Bundle sheath cells play a crucial role in photosynthesis in C4 plants, but the structure and function of photosystem II (PSII) in these cells is still controversial. Photoprotective roles of bundle sheath chloroplasts at the occurrence of environmental stresses have not been investigated so far. Non-photochemical quenching (NPQ) of chlorophyll a fluorescence is the photoprotective mechanism that responds to a changing energy balance in chloroplasts. In the present study, we found a much higher NPQ in bundle sheath chloroplasts than in mesophyll chloroplasts under a drought stress. This change was accompanied by a more rapid dephosphorylation of light-harvesting complex II (LHCII) subunits and a greater increase in PSII subunit S (PsbS) protein abundance than in mesophyll cell chloroplasts.

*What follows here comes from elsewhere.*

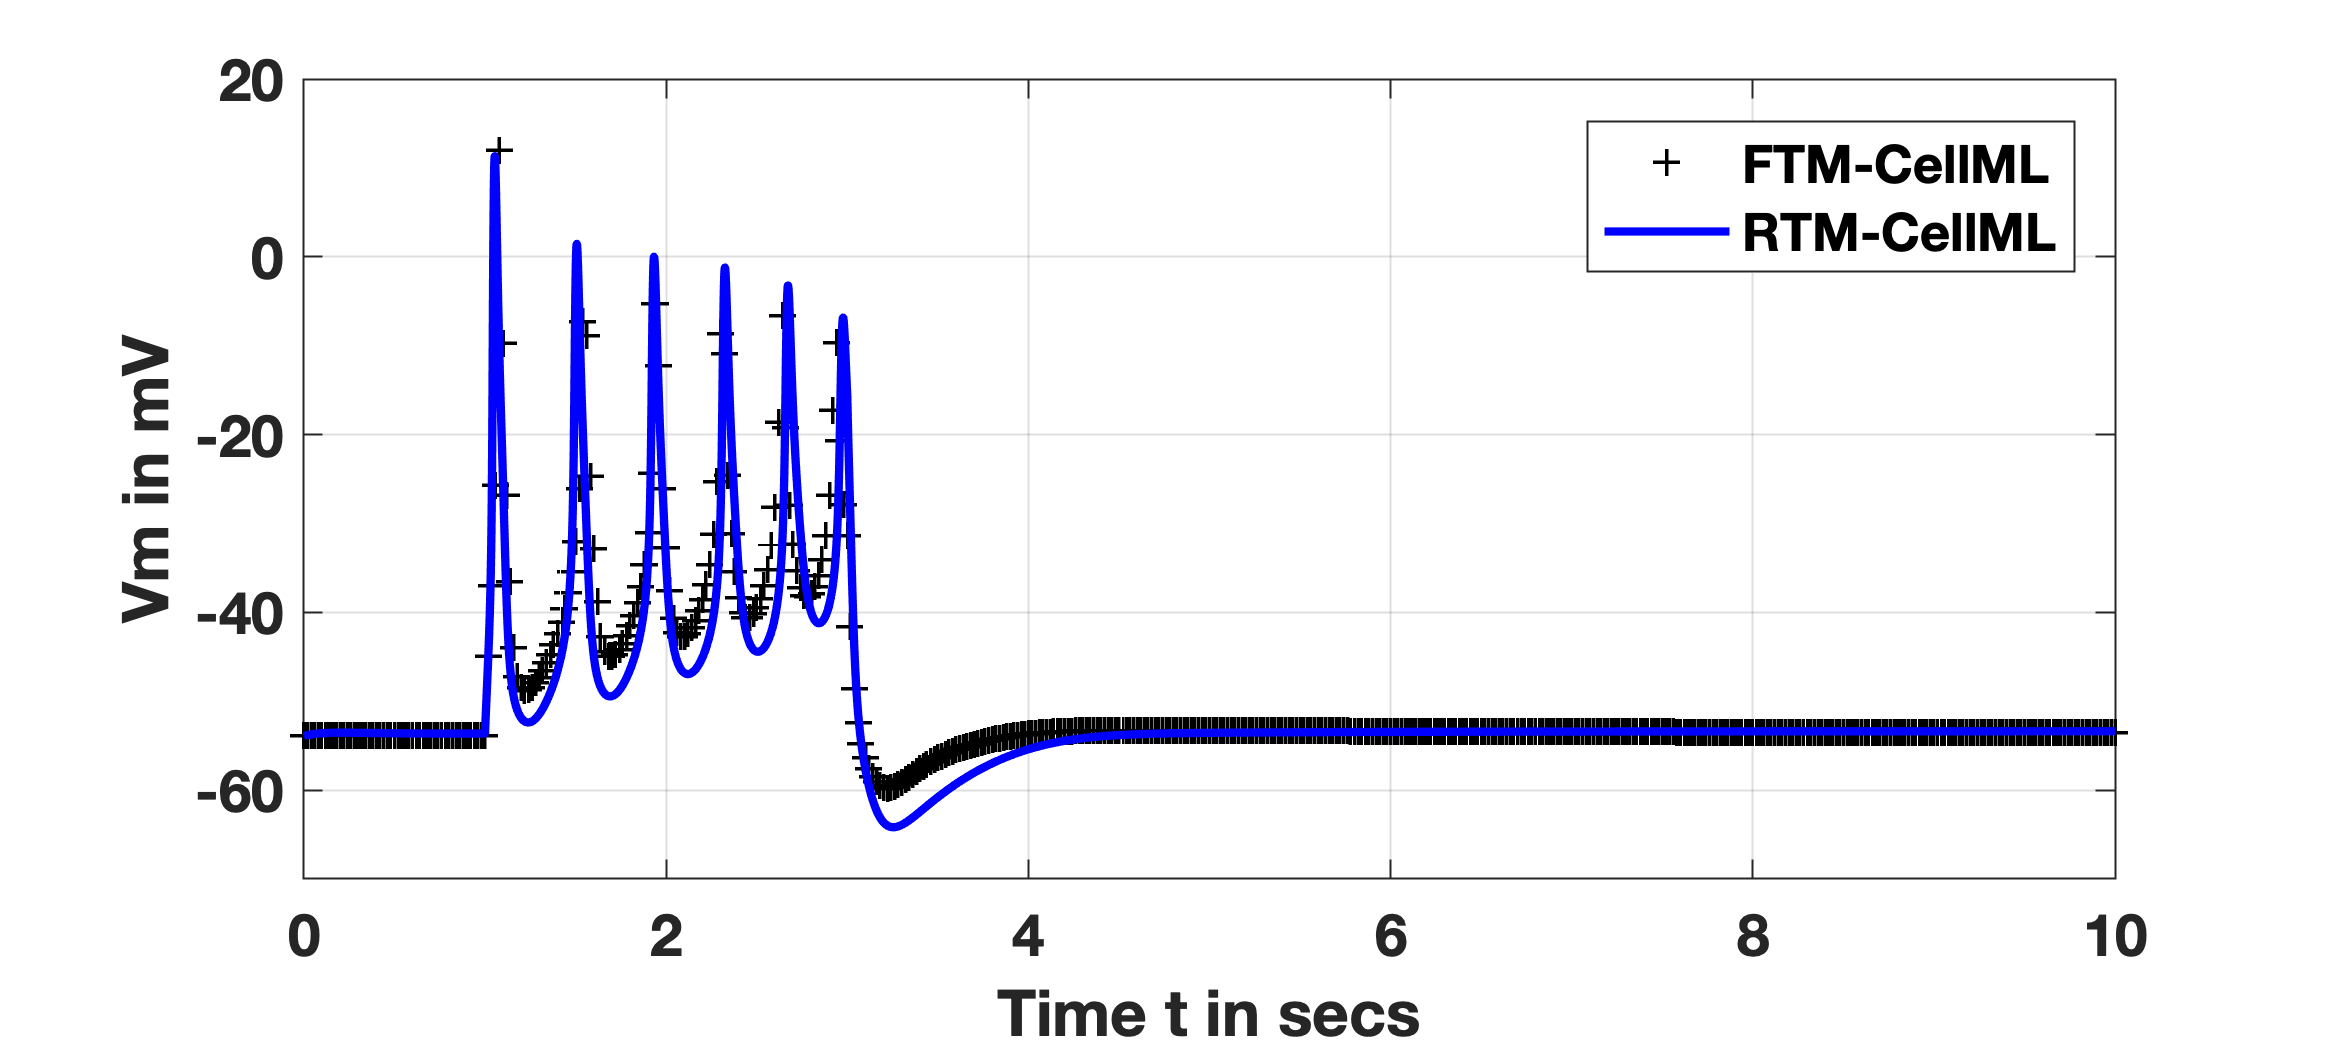 SSP Reproduction: FTM and RTM results: black ’+’ and blue trace, respectively. All initial conditions are identical between them with an applied stimulus, I_{stim} of -0.5 pA/pF for two seconds initiated at time t=1.0 secs.

Histochemical staining of reactive oxygen species (ROS) suggested that the high NPQ may be one of the main reasons for the lower accumulation of ROS in bundle sheath chloroplasts. This may maintain the stable functioning of bundle sheath cells under drought condition. These results indicate that the superior capacity for dissipation of excitation energy in bundle sheath chloroplasts may be an environmental adaptation unique to C4 plants.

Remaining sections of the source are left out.